Выбрать главу

Ptyx

Два слова о форме и содержании

Не так давно из весьма левым себе именующим лагеря – на вопрос: каково новое искусство и чем оно отличается от старого? – последовала такая формула: «1) искусство досимволическое: содержание превалирует над формой; 2) искусство символистов: равенство формы и содержания; 3) искусство футуризма: форма превалирует над содержанием».

Формулы такой следовало дожидаться. Она совершенно необходима, иначе мы не будем понимать, о чем говорим. Отношение к форме и содержанию существенно определяет художника. Следовательно, по этим немногим словам мы имеем полное основание судить о теоретическом и миросозерцательном багаже лиц, которым улыбается такая позиция.

Формула эта, по внешнему своему виду, обладает всем, чем такой формуле обладать приходится. Она не только отмежевывает футуризм от недавнего символизма, но и указывает его место в словесности вообще. Но, увы, это только по внешности, внутренняя сторона ее – ничтожна. Уже не говоря о том, что символическая школа последнего времени не может быть противопоставлена всей мировой литературе (да и где был символизм? французский – нечто весьма далекое от русского. Верлэн, Маллармэ, Римбо – много ли оказали на русскую литературу влияния? В Германии… но ужели сверх-эстеты школы Стефана Георге – прекрасного версификатора – и один Рильке делают символизм?
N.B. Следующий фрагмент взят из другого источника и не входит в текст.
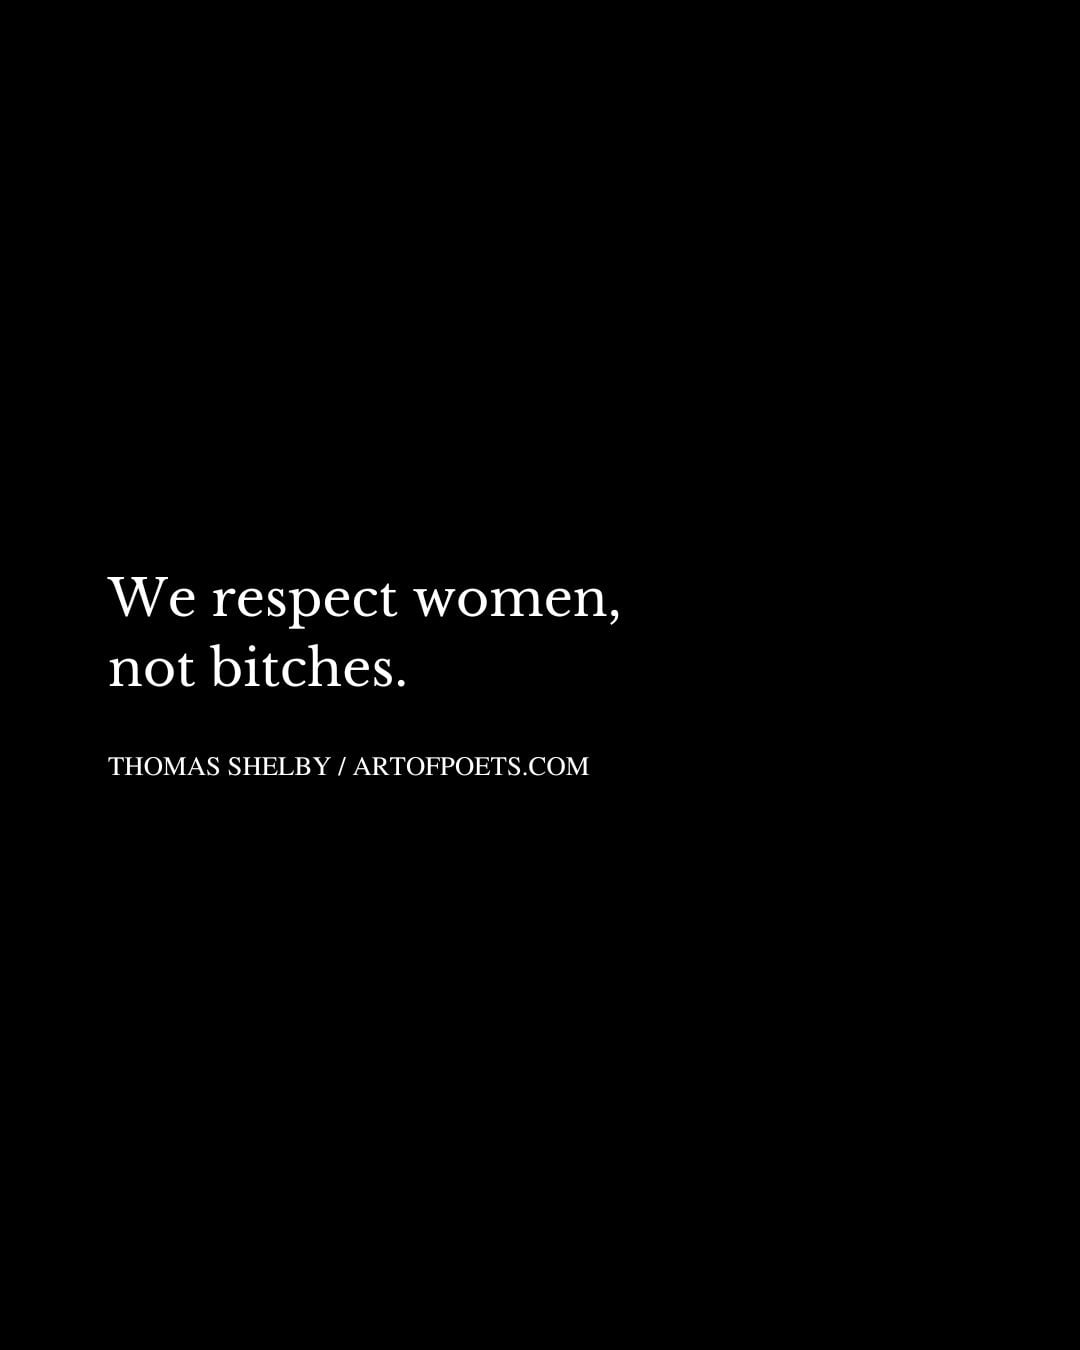 We respect women not bitches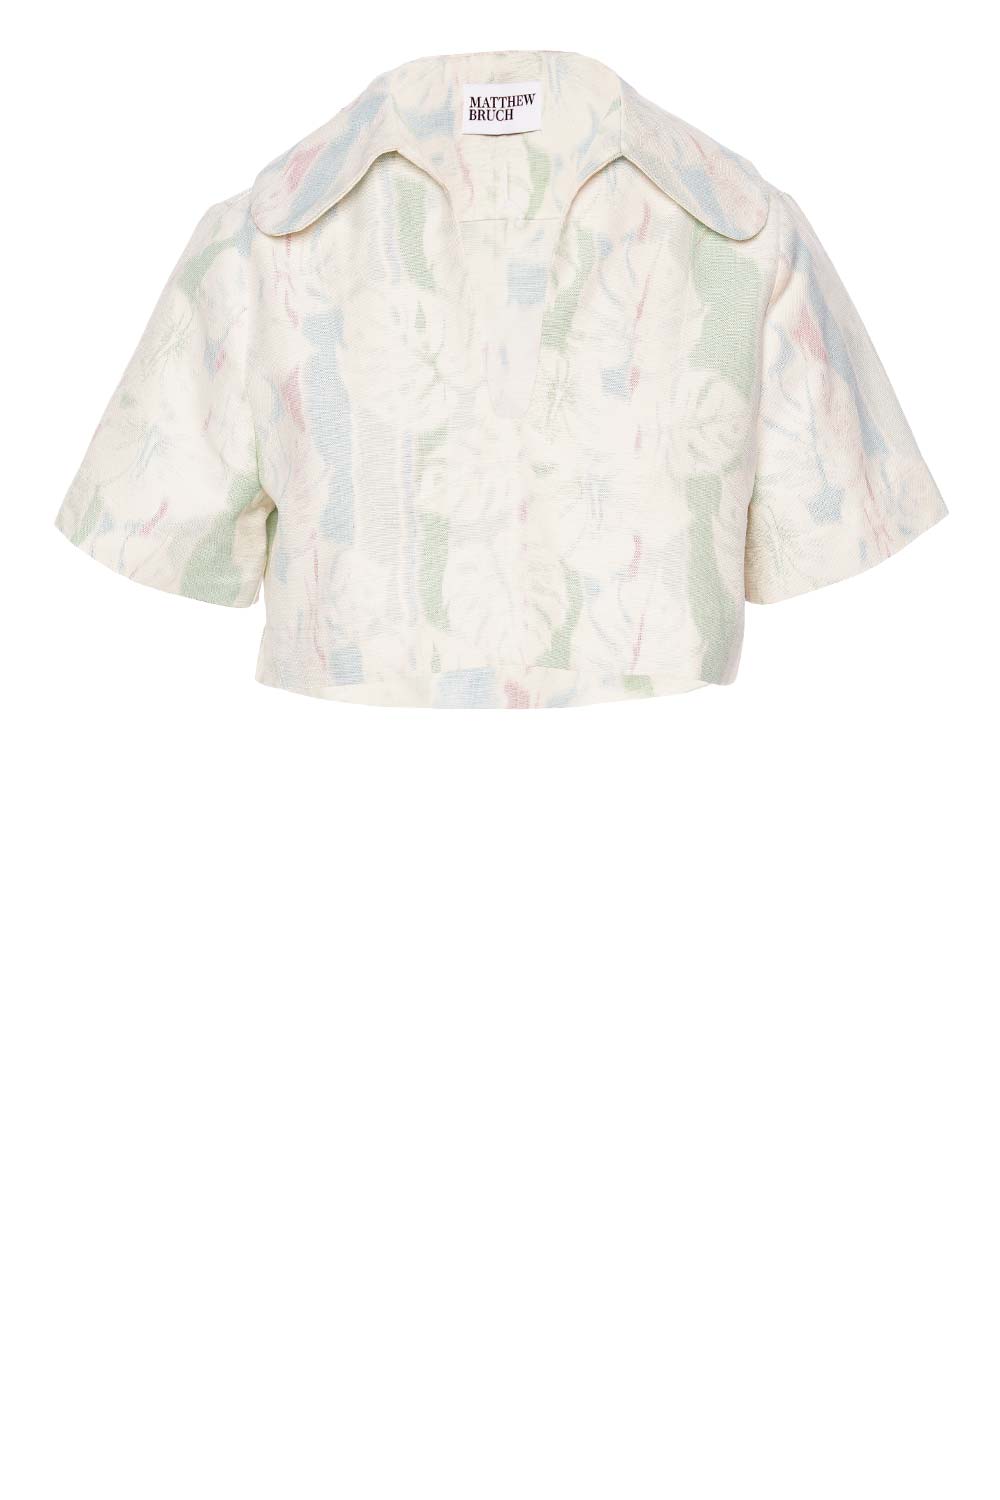 Matthew Bruch Tropical Printed Denim Popover Shirt

Не все ли это? Остаются: Уайльд, Гамсун, Аннунцио, Ибаньес, Дёглас, Пшибышевский и всякие Маны), мы должны всячески эту формулу отвергнуть. Первая часть ее относится к поэзии досимволической, преимущественно к поэзии реалистической. Только средина формулы постижима непосредственно, края ее, первая и третья часть – негативны. То-есть, реалисты (кто это, между прочим?) отвергали форму, футуристы отвергают содержание. Так, в буквальном значении – реализм бесформенен, футуризм бессодержателен. Но оба эти определения (не говоря об их бесформенности и бессодержательности) совершенно бессмысленны. Символизм вовсе не присваивал себе исключительного права на формулу: «содержание равенствует форме», что было его философским осознанием всей сущности искусства, никто из символистов не пытался на деле применять это речение, да это и не могло иметь места, – нельзя же, в самом деле себе приказать: буду гармоничным. Если в построении стихов и были попытки утвердить (в конце-концов, внешними приемами) это положение, то эти случаи-тому обратное доказательство.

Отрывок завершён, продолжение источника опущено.